Hi All,
I am using the Zookeeper C-client libraries to connect to ZK servers.
I am using 3.6.2 library.
The problem I am facing is that the library gets stuck in pthread_join() call
and never returns.
The scenario is as follows:
* Zookeeper C-client connects to zookeeper over a m-TLS connection.
* The client loses network connectivity to zookeeper servers.
* During this time the zookeeper client code calls function
zookeeper_close().
* Zookeeper_close() never returns.
* The state of the ZH handle during this time is ZOO_SSL_CONNECTING_STATE
I made the program dump core while it was stuck in this state. The back trace
shows that zookeeper_close() calls adaptor_finsih() which gets stuck in the
phthread_join() call for the IO thread.
This indicates that IO thread was stuck doing something.
The backtrace for the IO thread shows this trace.
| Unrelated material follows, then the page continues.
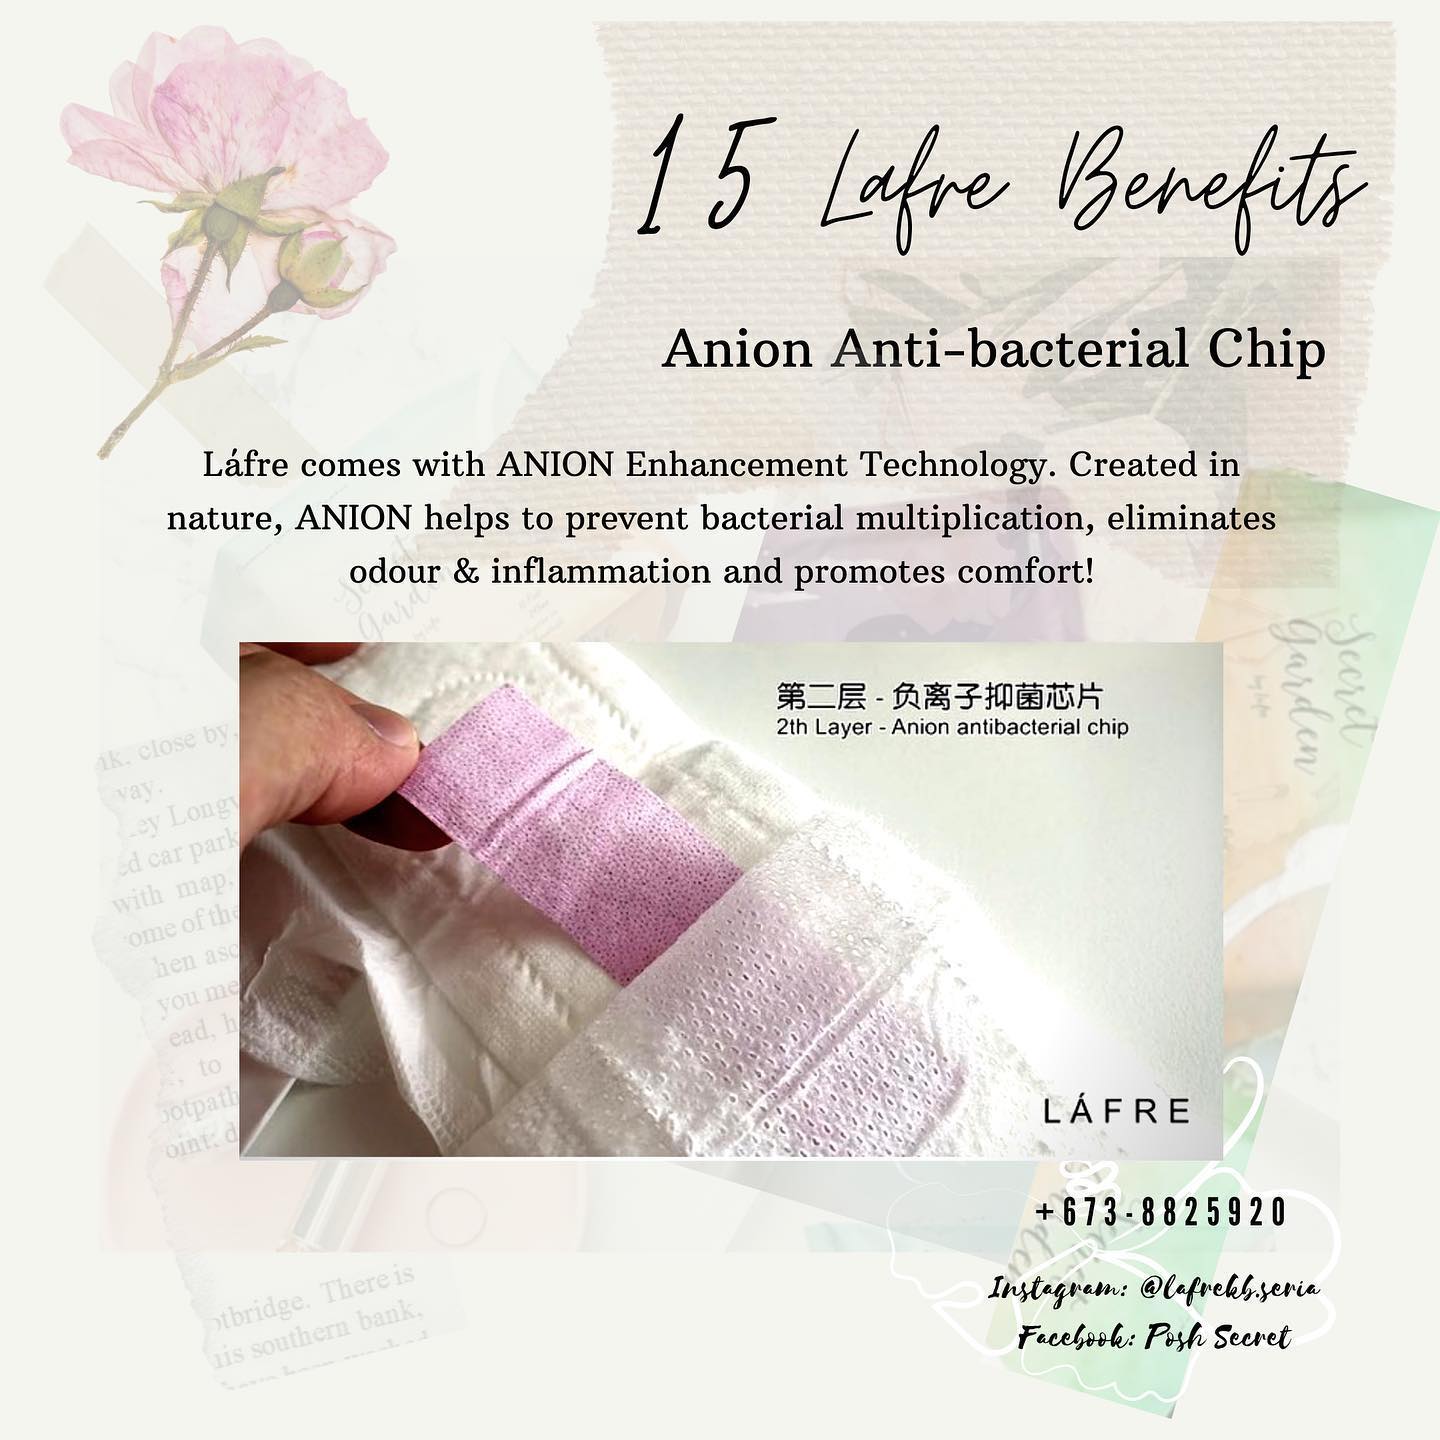 Anion Anti-bacterial Chip
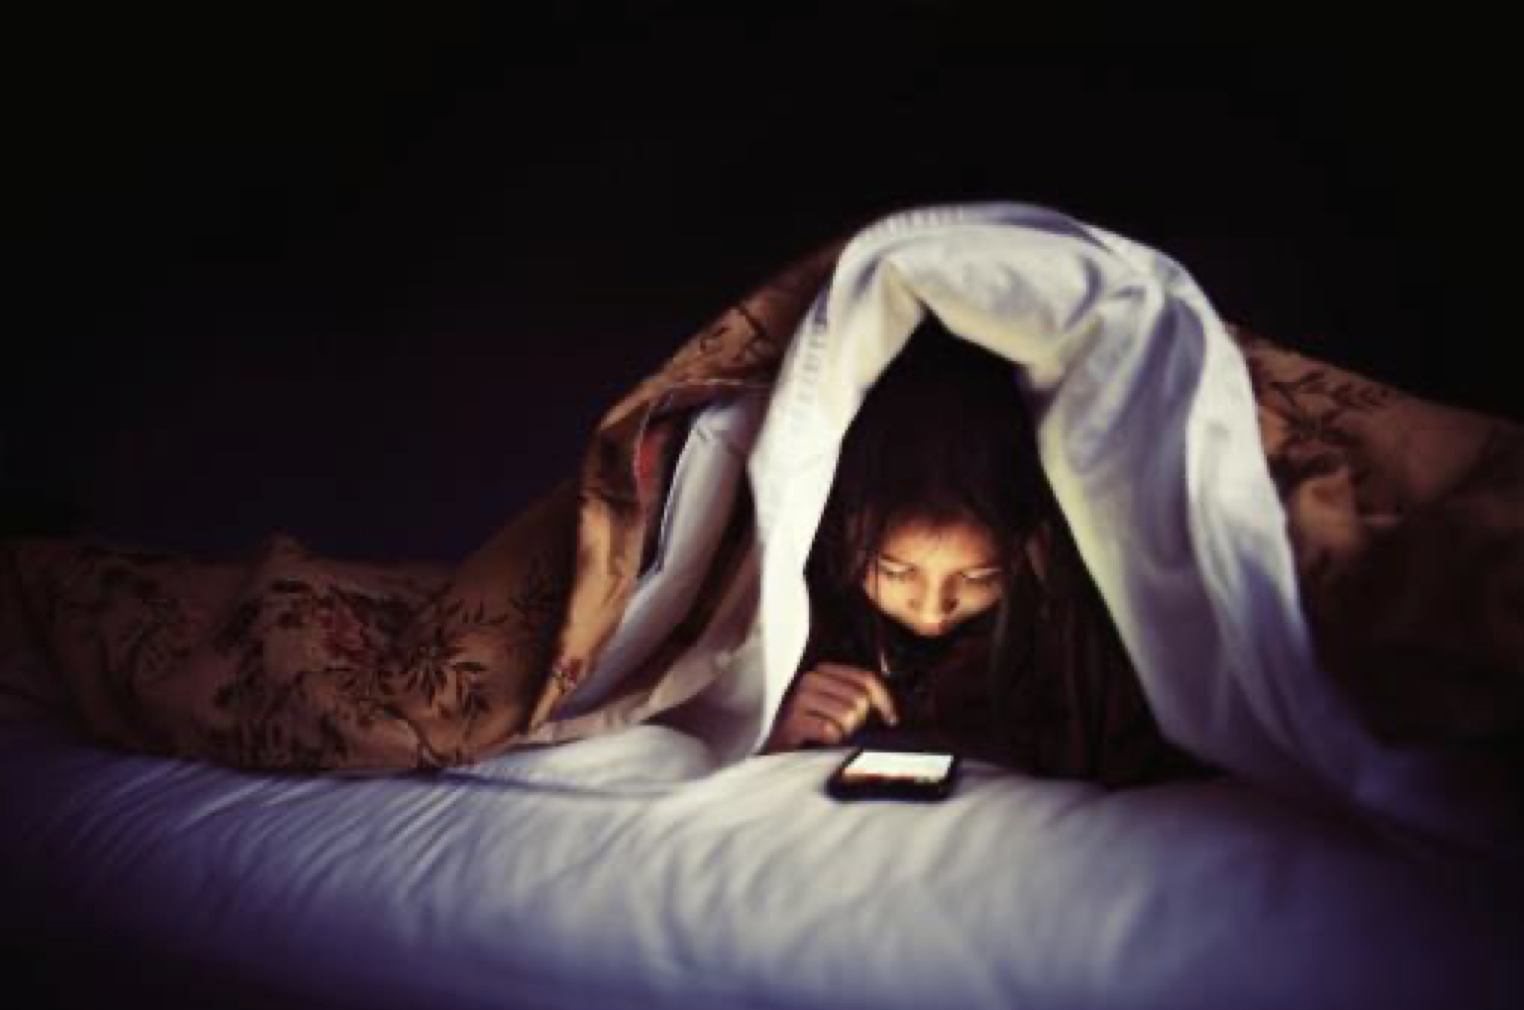 Child reading mobile device under blanket at night

Do_io() -> zookeeper_process() -> check_events() -> init_ssl_for_handler() ->
init_ssl_for_socket().
While looking at the code there is a while(1) loop in init_ssl_for_socket() to
which I added the following highlighted code and it seemed to have fixed the
problem for me. Can anybody suggest if this is correct? Or if this problem has
already been fixed in other releases?
while(1) {
int rc;
int sock = fd->sock;
struct timeval tv;
fd_set s_rfds, s_wfds;
tv.tv_sec = 1;
tv.tv_usec = 0;
FD_ZERO(&s_rfds);
FD_ZERO(&s_wfds);
if(zh->close_requested)
{
return ZSSLCONNECTIONERROR;
}
Many Thanks,
-Parag